1. Review of Linear Regression Models
1.1 What is Regression Analysis?
Regression analysis is a statistical method used to examine the
relationship between a dependent variable (also called the response or
outcome variable) and one or more independent variables (also called
predictor or explanatory variables). The goal is to model how the
dependent variable changes as the independent variable(s) change. In
essence, we’re looking for a mathematical equation that can best
describe this relationship.
1.2 The Linear Regression Model
The simplest form is linear regression, which assumes a linear
relationship between the dependent variable (y) and the independent
variable(s) (x):
y = β₀ + β₁x₁ + β₂x₂ + … + ε
Where:
- y is the dependent variable.
- x₁, x₂,… are independent variables.
- β₀ is the intercept (the value of y when all x’s
are zero).
- β₁, β₂,… are the regression coefficients
(representing the change in y for a one-unit increase in x).

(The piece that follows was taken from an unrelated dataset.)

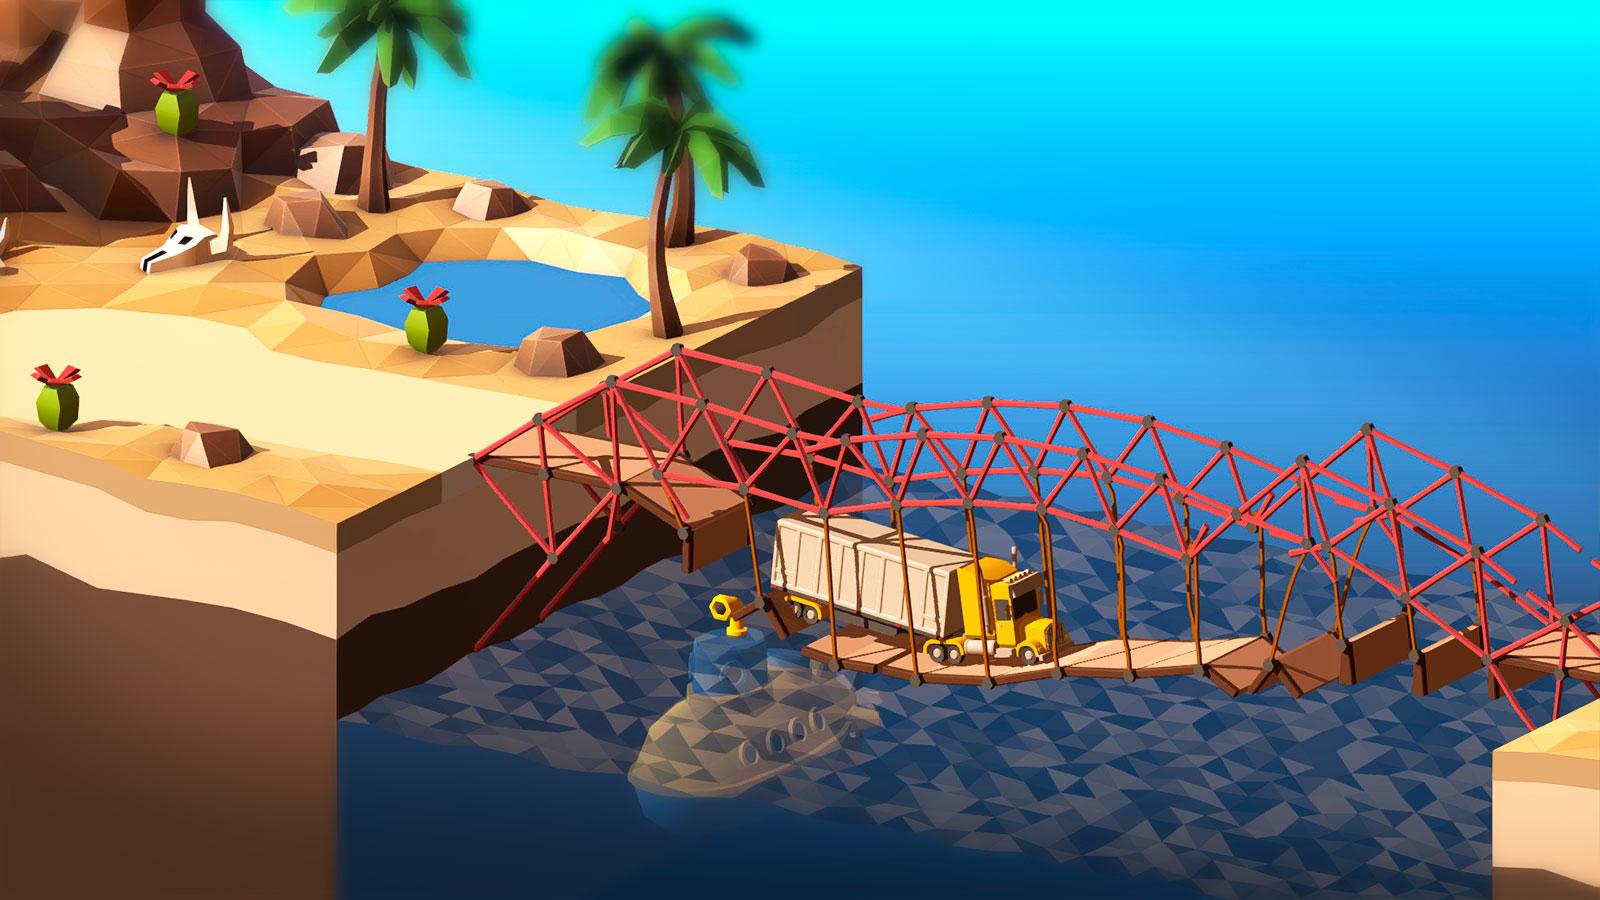 Poly Bridge 2 скриншоты из игры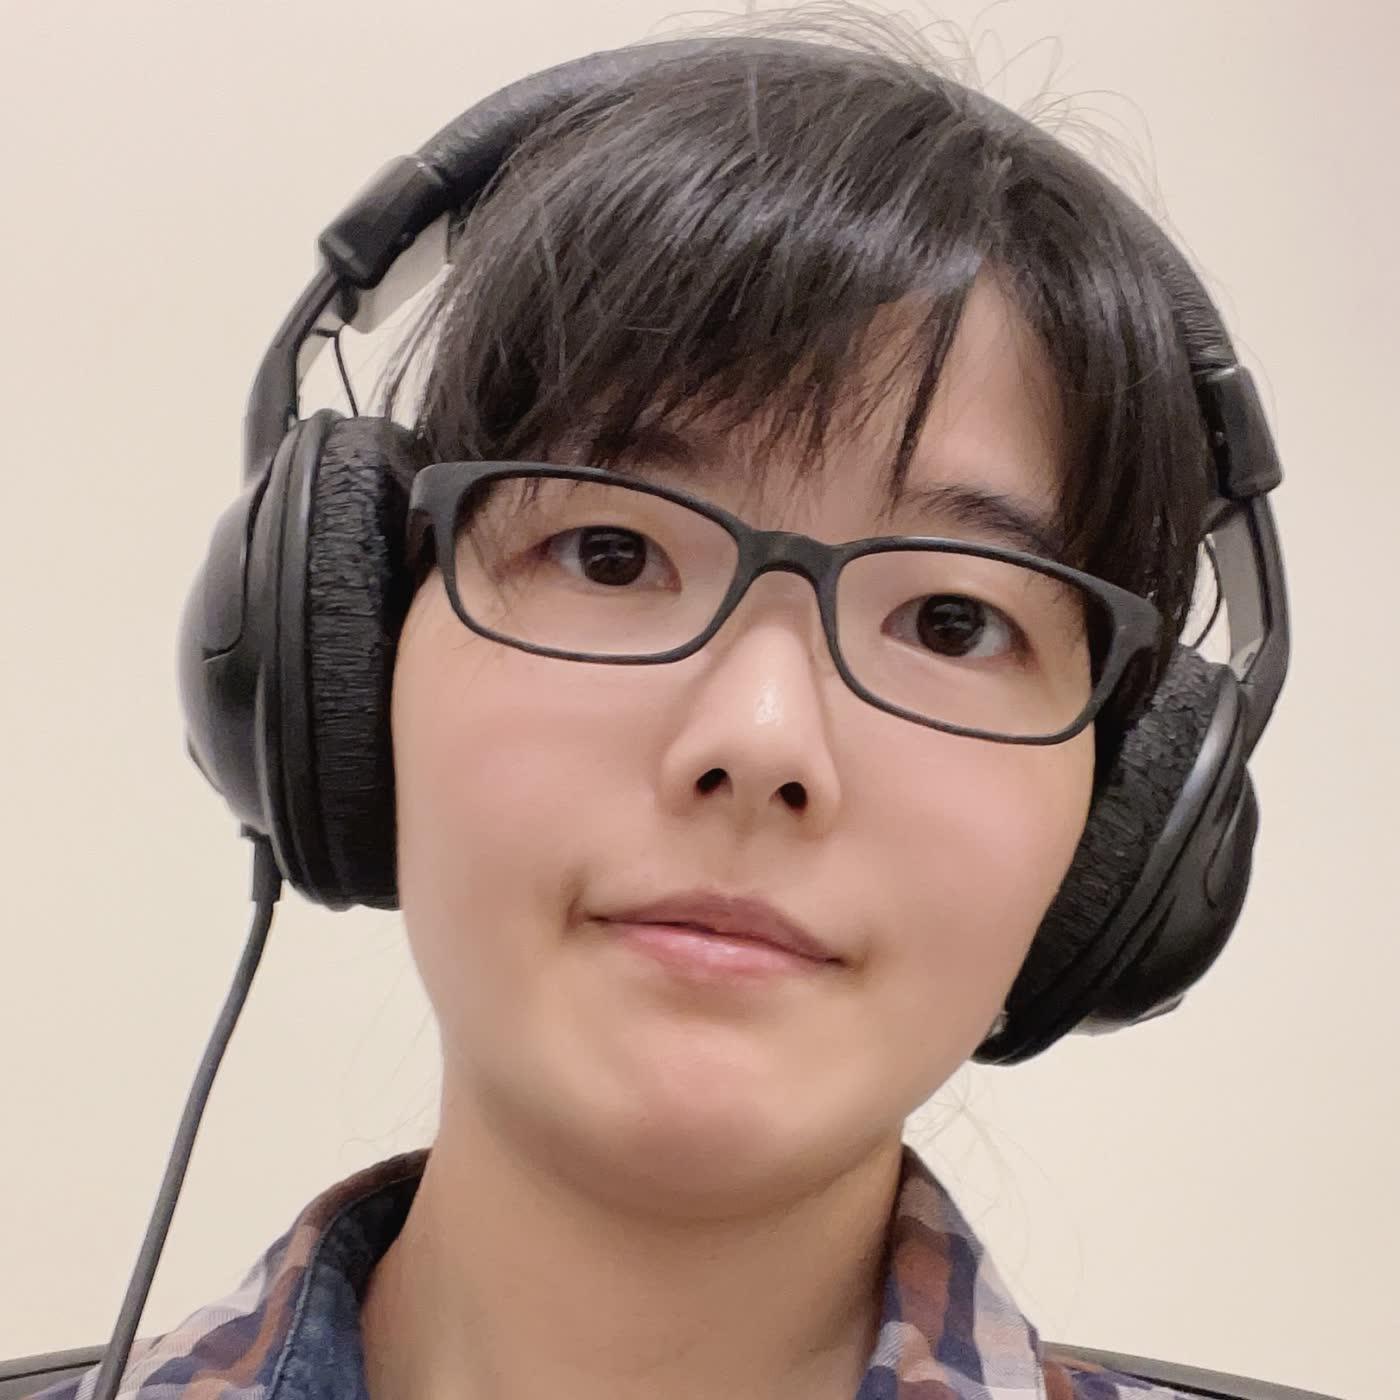 冏冏電台 0708|從歷史作家到遊戲實況,跨領域創作者 - 黑貓老師

- ε is the error term (representing the variability
in y that is not explained by the model).
1.3 Assumptions of Linear Regression
For a valid linear regression, certain assumptions must hold:
- Linearity: A linear relationship between the
independent and dependent variables.
- Independence: The error terms are independent of
each other.
- Homoscedasticity: The variance of the error terms
is constant across all values of the independent variables.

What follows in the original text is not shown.